Discussion: In late April 2020, there were reports from the United Kingdom of otherwise healthy children presenting with a severe inflammatory disease similar to Kawasaki disease in the setting of COVID-19. There have been several case definitions since then, and in May 2020, the U.S. Centers for Disease Control and Prevention (CDC) defined this condition as the multi-system inflammatory syndrome in children (MIS-C), which was the diagnosis for our patient.

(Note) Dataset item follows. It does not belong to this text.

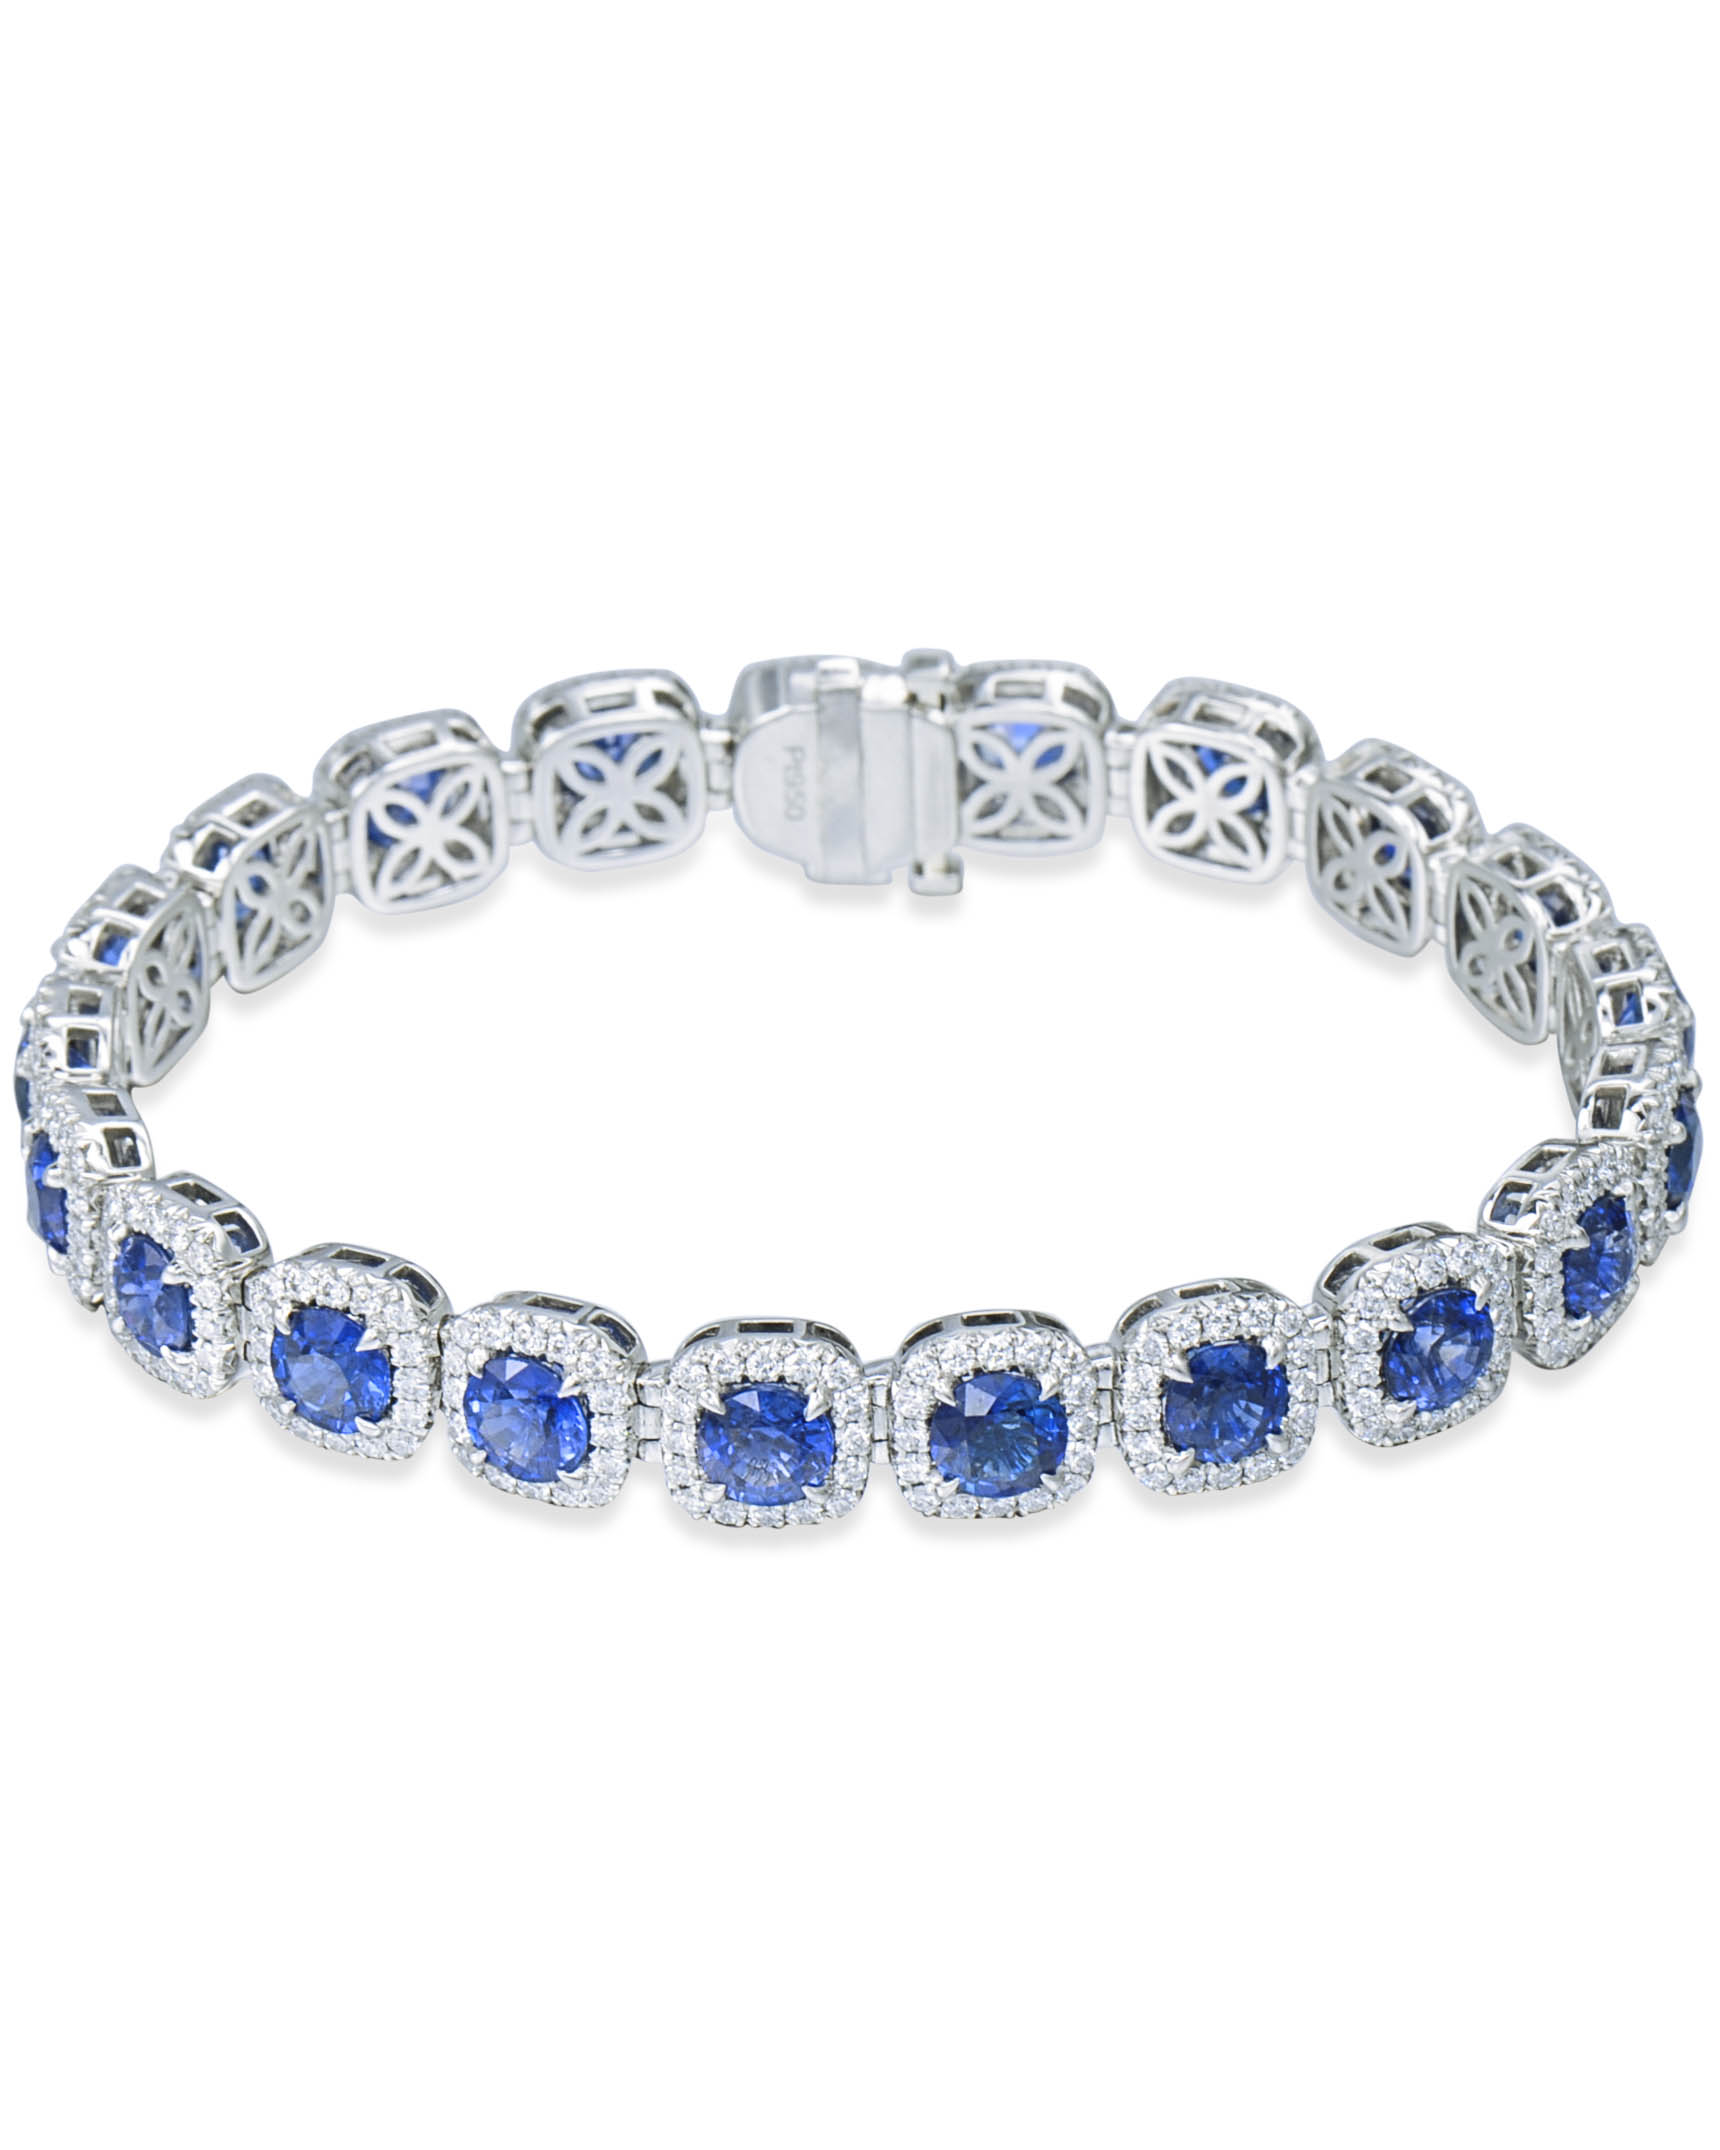 Blue Sapphire Tennis Bracelet in 14k White Gold by Effy - Jewelry By Designs

The CDC defines MIS-C as a disease that affects individuals younger than 21 years old who present with fever (≥ 38oC or subjective) for at least 24 hours, laboratory evidence of inflammation, severe illness requiring hospitalization, multi-system (≥ 2) organ involvement, and no alternative plausible diagnosis (except for Kawasaki disease). Patients with MIS-C must also be positive for current or recent SARS-CoV-2 infection or have a clear exposure to SARS-CoV-2 within 4 weeks prior to symptom onset.
Compared to the overall SARS-CoV-2 infections in children, MIS-C is relatively rare, with the incidence surpassing 2 617 in the United States on March 1, 2021, equivalent to less than 0.1% of all SARS-CoV-2 infections in this age range. With the ongoing pandemic though, MIS-C admissions at CHOP occur regularly, and the CDC provides national data regularly online: www.cdc.gov/mis-c/cases/index.html.
MIS-C is felt to be a delayed immune response to a prior COVID-19 infection rather than a syndrome from the acute viral infection, and several institutions have identified different immunologic and antibody profiles in MIS-C compared to acute COVID-19 infection. Patients typically present around 2 to 6 weeks after the initial COVID-19 infection with positive SARS-CoV-2 antibodies.
There is characteristically a slight male predominance, and it is found most commonly in children 5 to 9 years old, although infants and older adolescents may be affected as well. Similar to COVID-19, there is a higher incidence of MIS-C in patients of African-American or Hispanic race and ethnicity. Most children are otherwise healthy, but obesity is frequently reported.
Patients may present quite ill in shock and can decompensate quickly. In addition to fever, they may initially present with Kawasaki disease- like mucocutaneous symptoms, such as rash and conjunctival injection. Gastrointestinal symptoms, such as abdominal pain, vomiting, and diarrhea, are common.
The laboratory markers are markedly abnormal, including significantly elevated inflammatory markers, such as CRP, ESR, and ferritin. There are commonly abnormal coagulation markers such as fibrinogen and D-dimer levels, with hyponatremia, hypoalbuminemia, thrombocytopenia, and lymphopenia. B-natriuretic peptide and troponin levels are frequently elevated as well.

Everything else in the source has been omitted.